Find Tangent Line for ln(xy) + 2x - y + 1 =0 at (1/2,2)

[MarkFL]

Here is the question:

how to slove for y? ln(xy) + 2x - y + 1 =0?


I can't figure it out.

In order to find the equation of the tangent line at (1/2, 2)

I got as far a ln(x) + 2x +1 = y - ln(y)

I have posted a link there to this topic so the OP can see my work.

 

[MarkFL]

Re: Ivan's question at Yahoo! Answers regarding finding the line tangent to an implicitly defined ci

Hello Ivan,

We are given the implicitly defined curve:

\(\displaystyle \ln(xy)+2x-y+1=0\)

and are asked to find the equation of the line tangent to this curve at the point:

\(\displaystyle (x,y)=\left(\frac{1}{2},2 \right)\)

The first thing I like to do is verify that in fact the given point lies on the curve. So, if we substitute for $x$ and $y$ into the equation of the curve, we find:

\(\displaystyle \ln\left(\frac{1}{2}\cdot2 \right)+2\left(\frac{1}{2} \right)-2+1=0\)

\(\displaystyle \ln(1)+1-2+1=0\)

\(\displaystyle 0+1-2+1=0\)

\(\displaystyle 0=0\)

So, the given point is on the curve. Next, let's use the logarithmic property:

\(\displaystyle \log_a(bc)=\log_a(b)+\log_a(c)\)

to rewrite the equation of the curve to make implicit differentiation easier:

\(\displaystyle \ln(x)+\ln(y)+2x-y+1=0\)

Now, implicitly differentiate with respect to $x$:

\(\displaystyle \frac{1}{x}+\frac{1}{y}\frac{dy}{dx}+2-\frac{dy}{dx}=0\)

We want to solve for \(\displaystyle \frac{dy}{dx}\), so let's move all terms not involving this to the right side:

\(\displaystyle \frac{1}{y}\frac{dy}{dx}-\frac{dy}{dx}=-\frac{1}{x}-2\)

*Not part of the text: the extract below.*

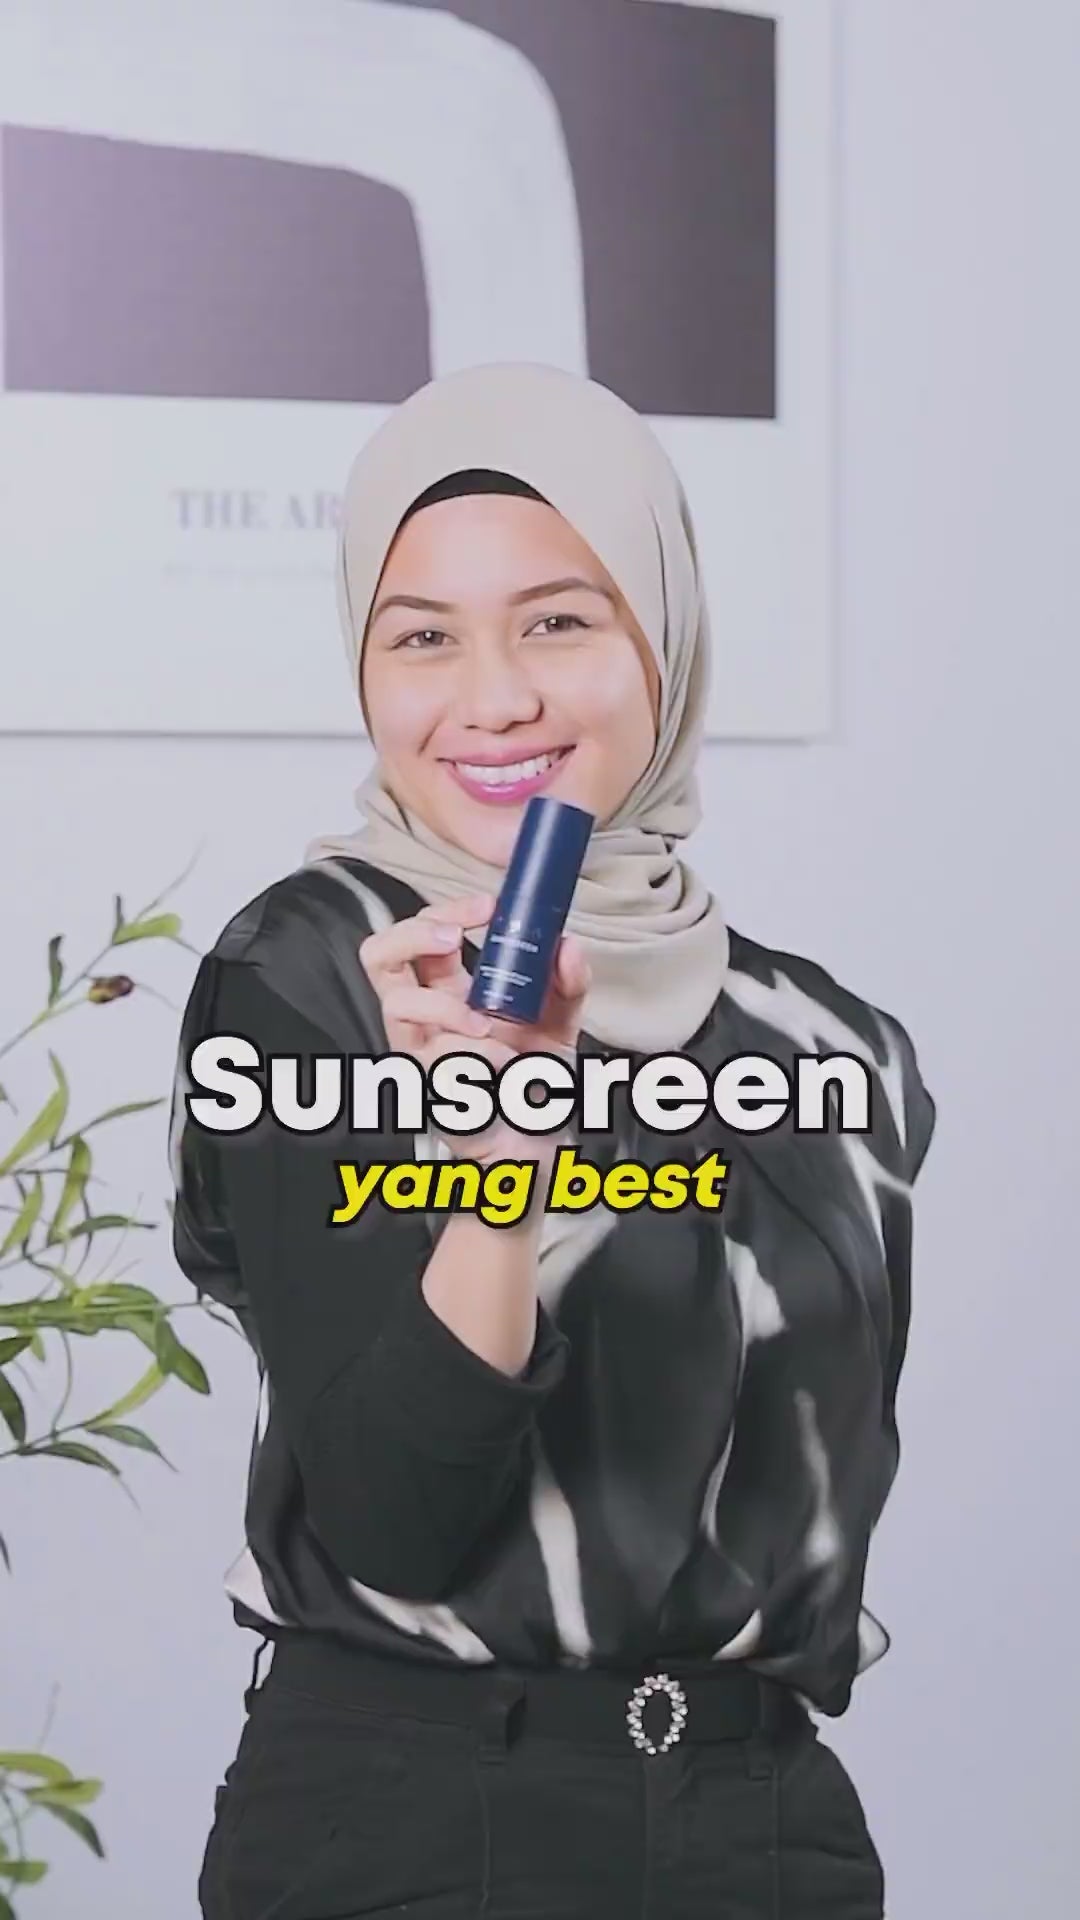 Ainaa Sunscreen (20ml)

Multiply through by $-1$ and factor out \(\displaystyle \frac{dy}{dx}\) on the left side:

\(\displaystyle \frac{dy}{dx}\left(1-\frac{1}{y} \right)=\frac{1}{x}+2\)

Combine terms:

\(\displaystyle \frac{dy}{dx}\left(\frac{y-1}{y} \right)=\frac{2x+1}{x}\)

Multiply through by \(\displaystyle \frac{y}{y-1}\):

\(\displaystyle \frac{dy}{dx}=\frac{(2x+1)y}{x(y-1)}\)

To get the slope of the tangent line, we need to evaluate this for:

\(\displaystyle (x,y)=\left(\frac{1}{2},2 \right)\)

Hence:

\(\displaystyle m=\left.\frac{dy}{dx}\right|_{(x,y)=\left(\frac{1}{2},2 \right)}=\frac{\left(2\left(\frac{1}{2} \right)+1 \right)2}{\frac{1}{2}(2-1)}=\frac{4}{\frac{1}{2}}=8\)

Now, we have the slope, and a point on the line, so using the point-slope formula, we find the tangent line is given by:

\(\displaystyle y-2=8\left(x-\frac{1}{2} \right)\)

Arranging this in slope-intercept form, we obtain:

\(\displaystyle y=8x-2\)